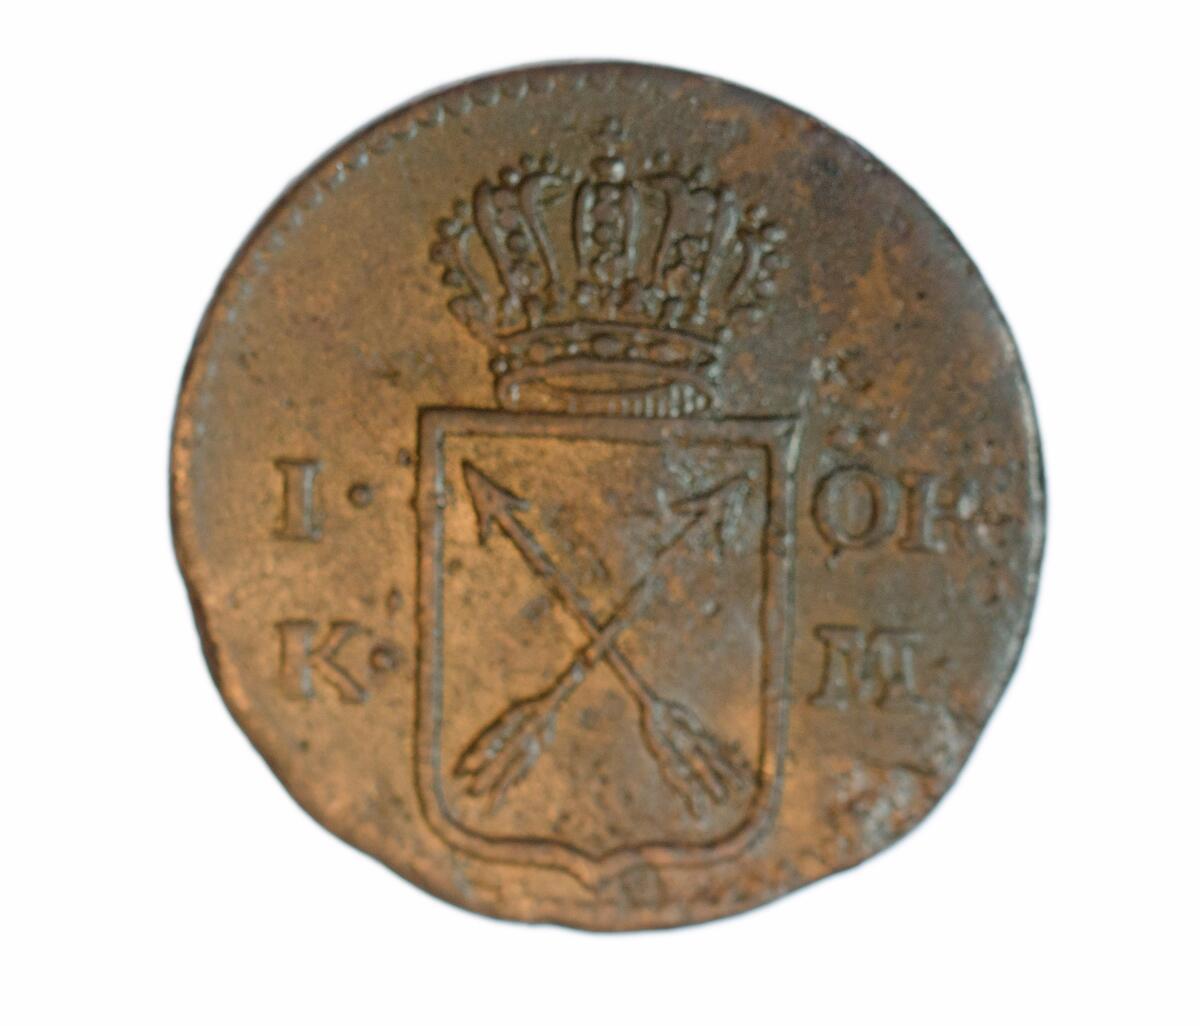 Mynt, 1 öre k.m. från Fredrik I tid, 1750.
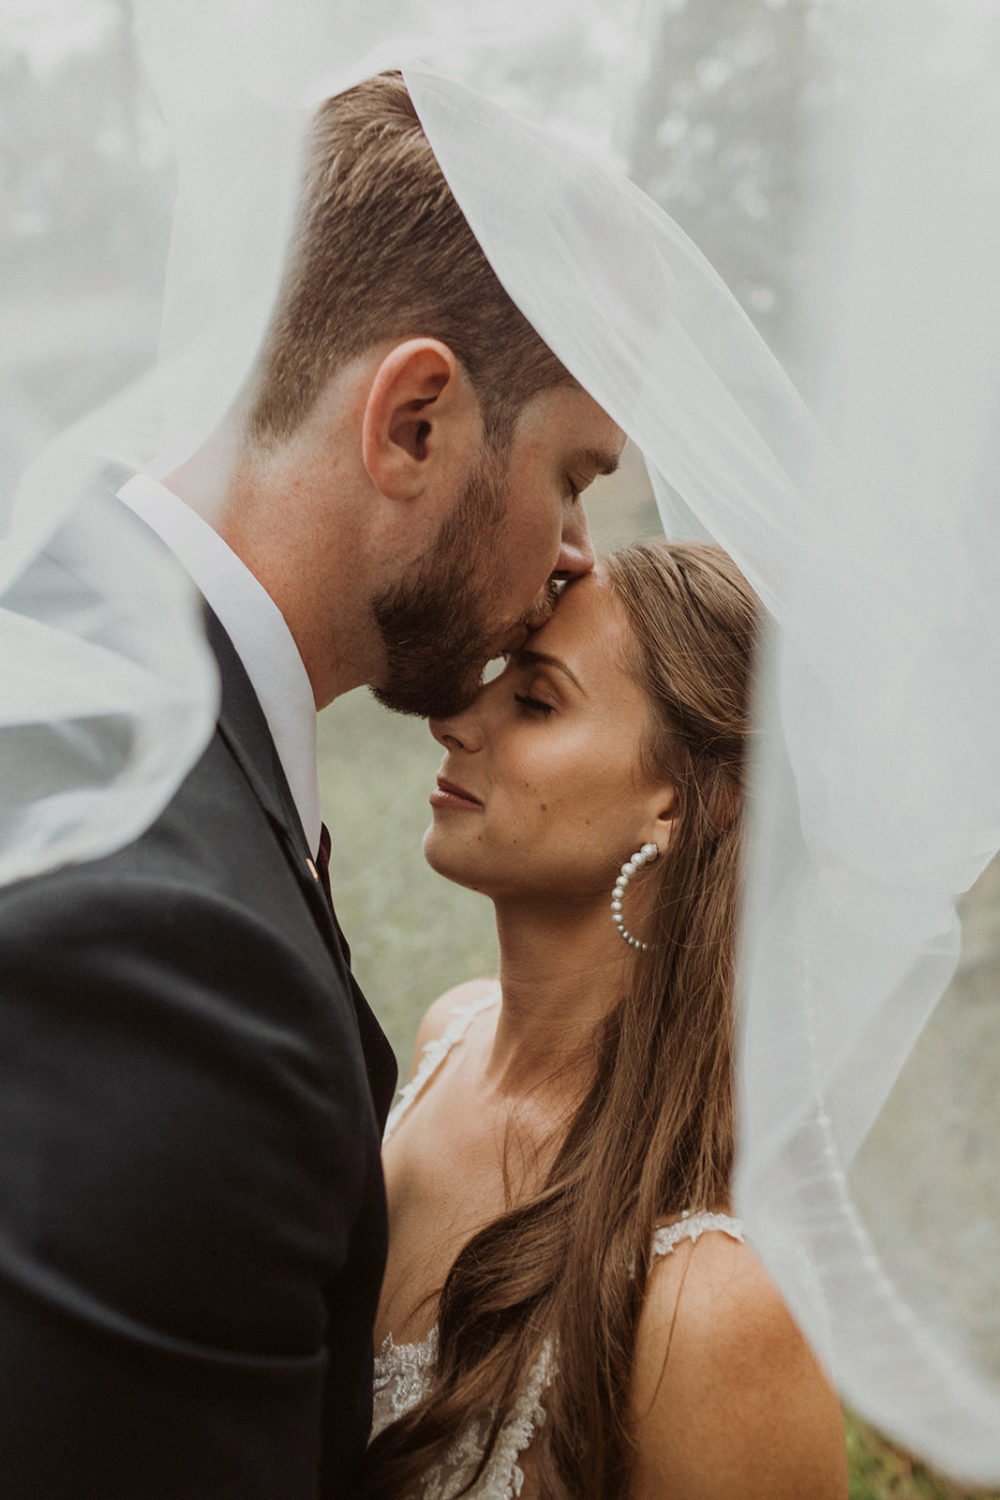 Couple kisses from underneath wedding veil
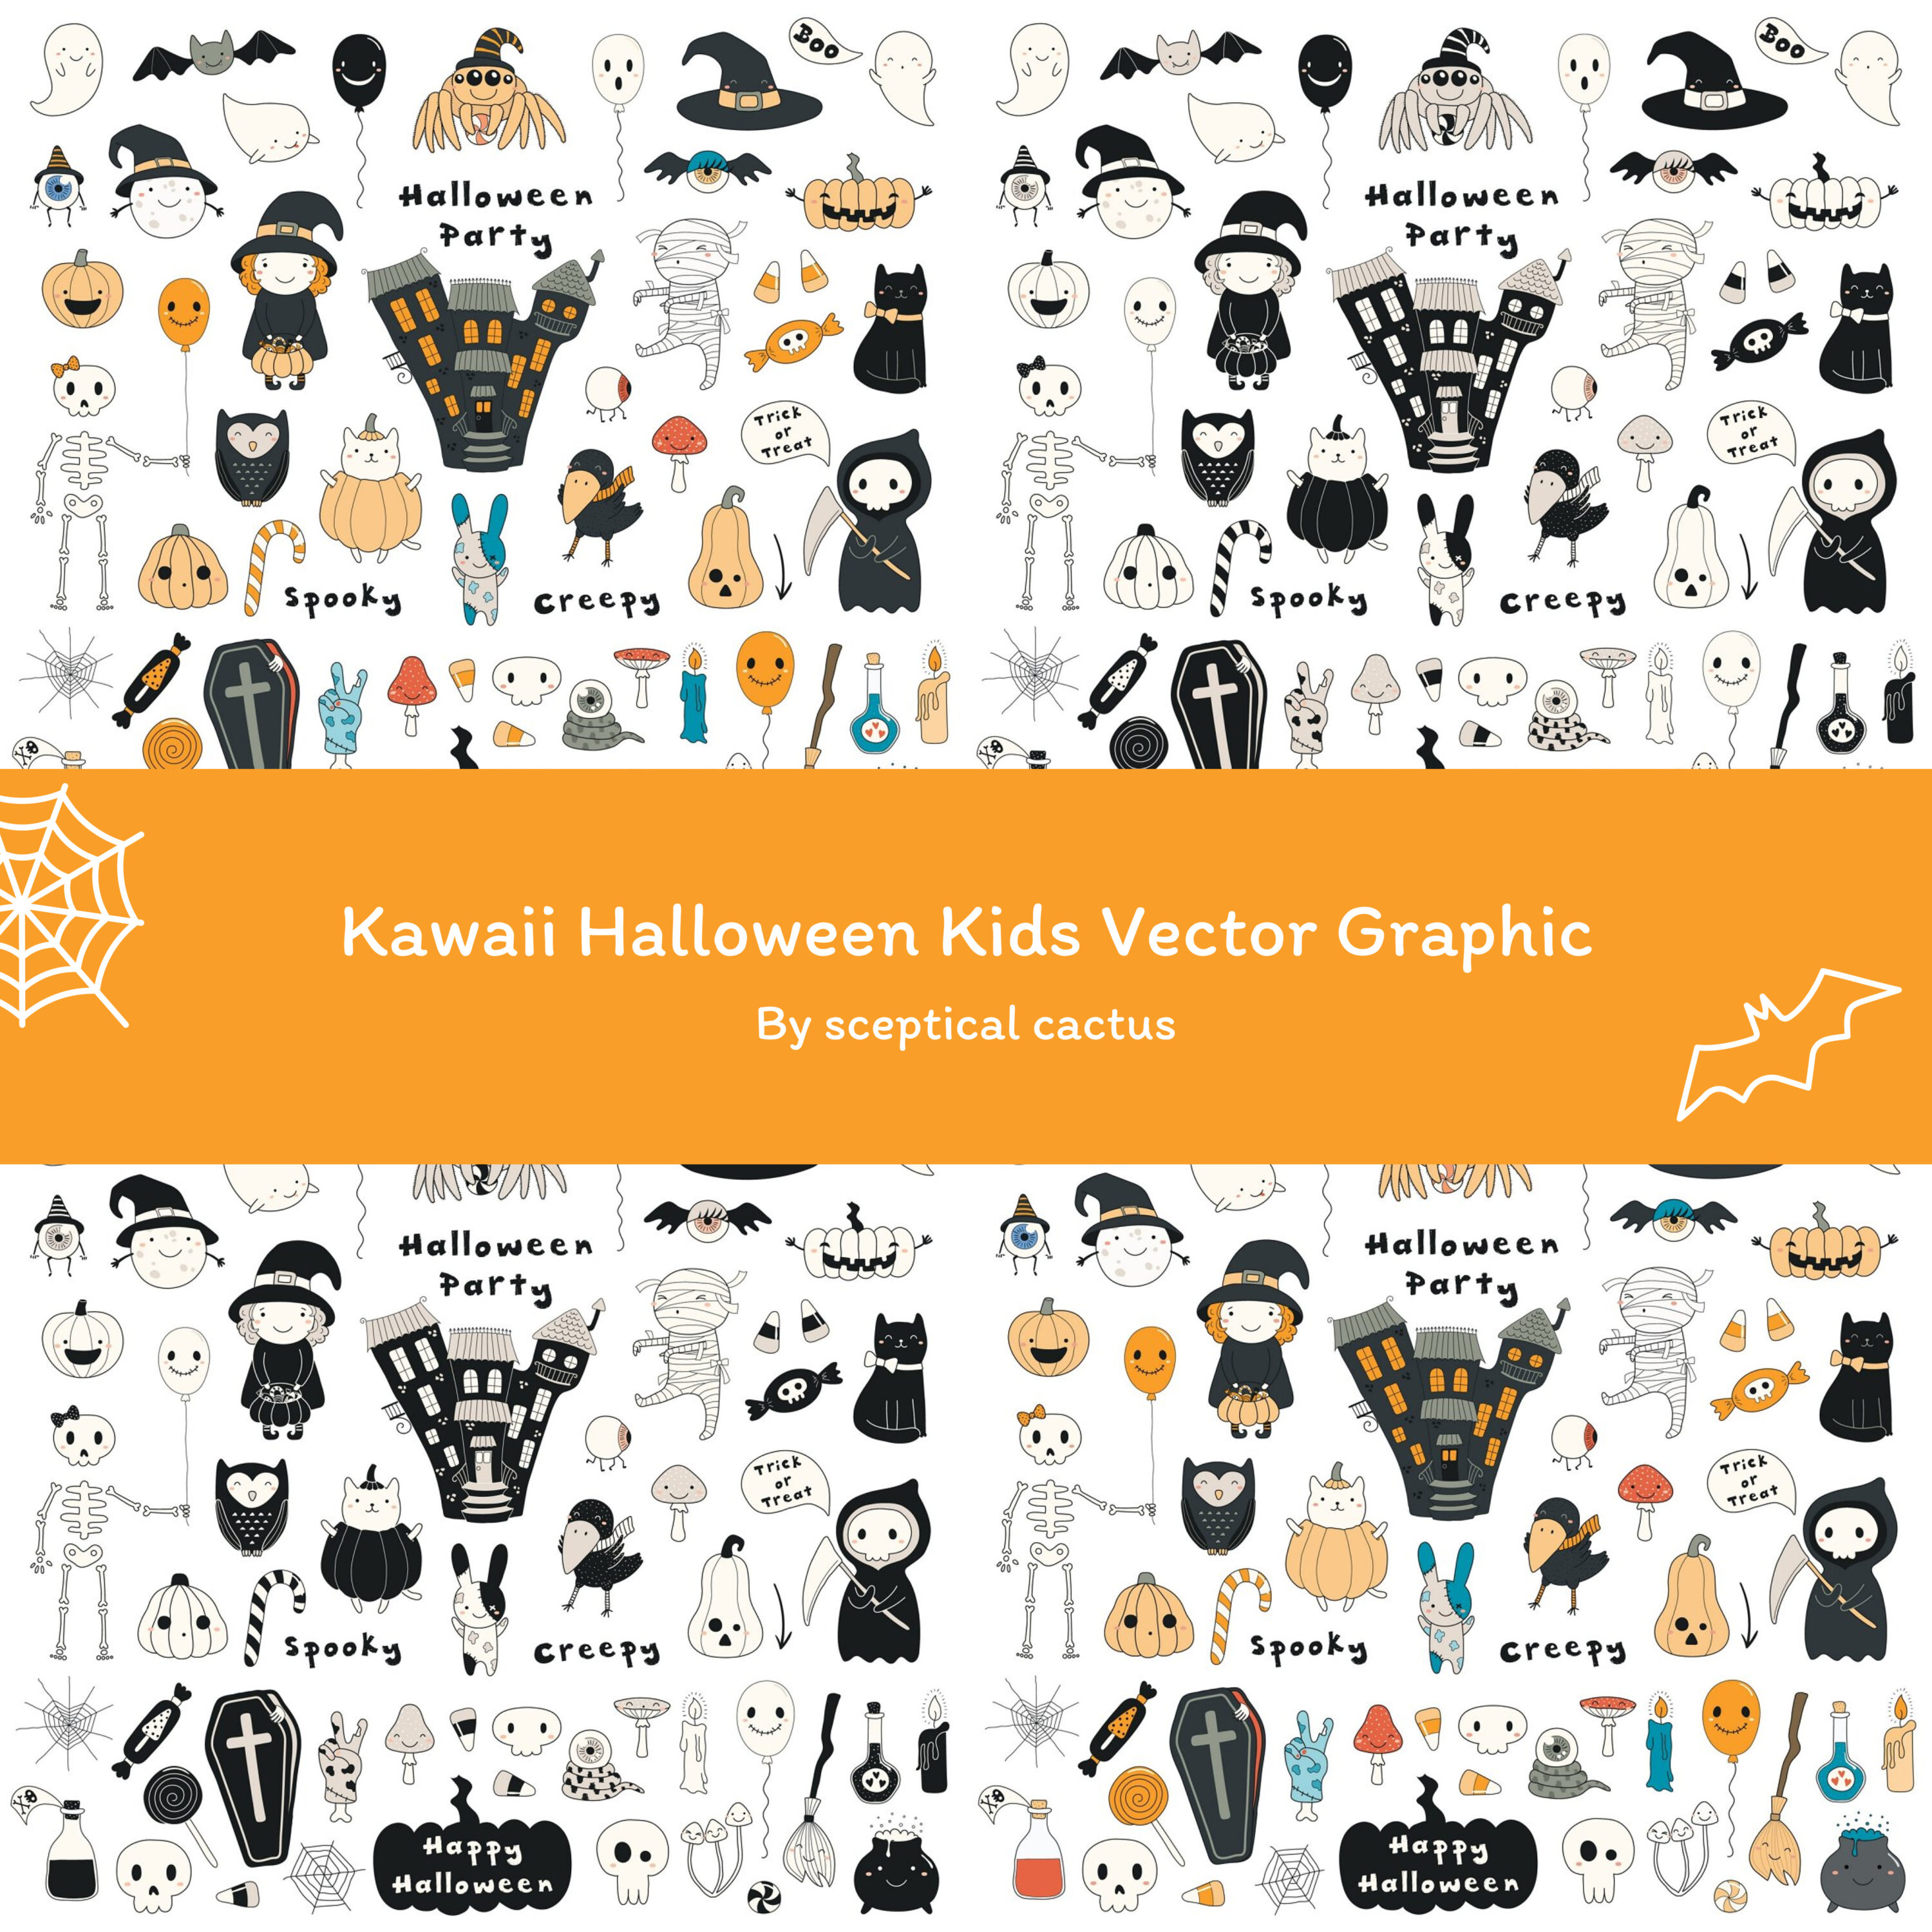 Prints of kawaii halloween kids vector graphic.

=======

▶ [TASK TO CARRY OUT]
From the first line to the last, retype the data above exactly, but not its images.

▶ [EXPECTED OUTPUT]
 Mynt, 1 öre k.m. från Fredrik I tid, 1750.
 Couple kisses from underneath wedding veil
 Prints of kawaii halloween kids vector graphic.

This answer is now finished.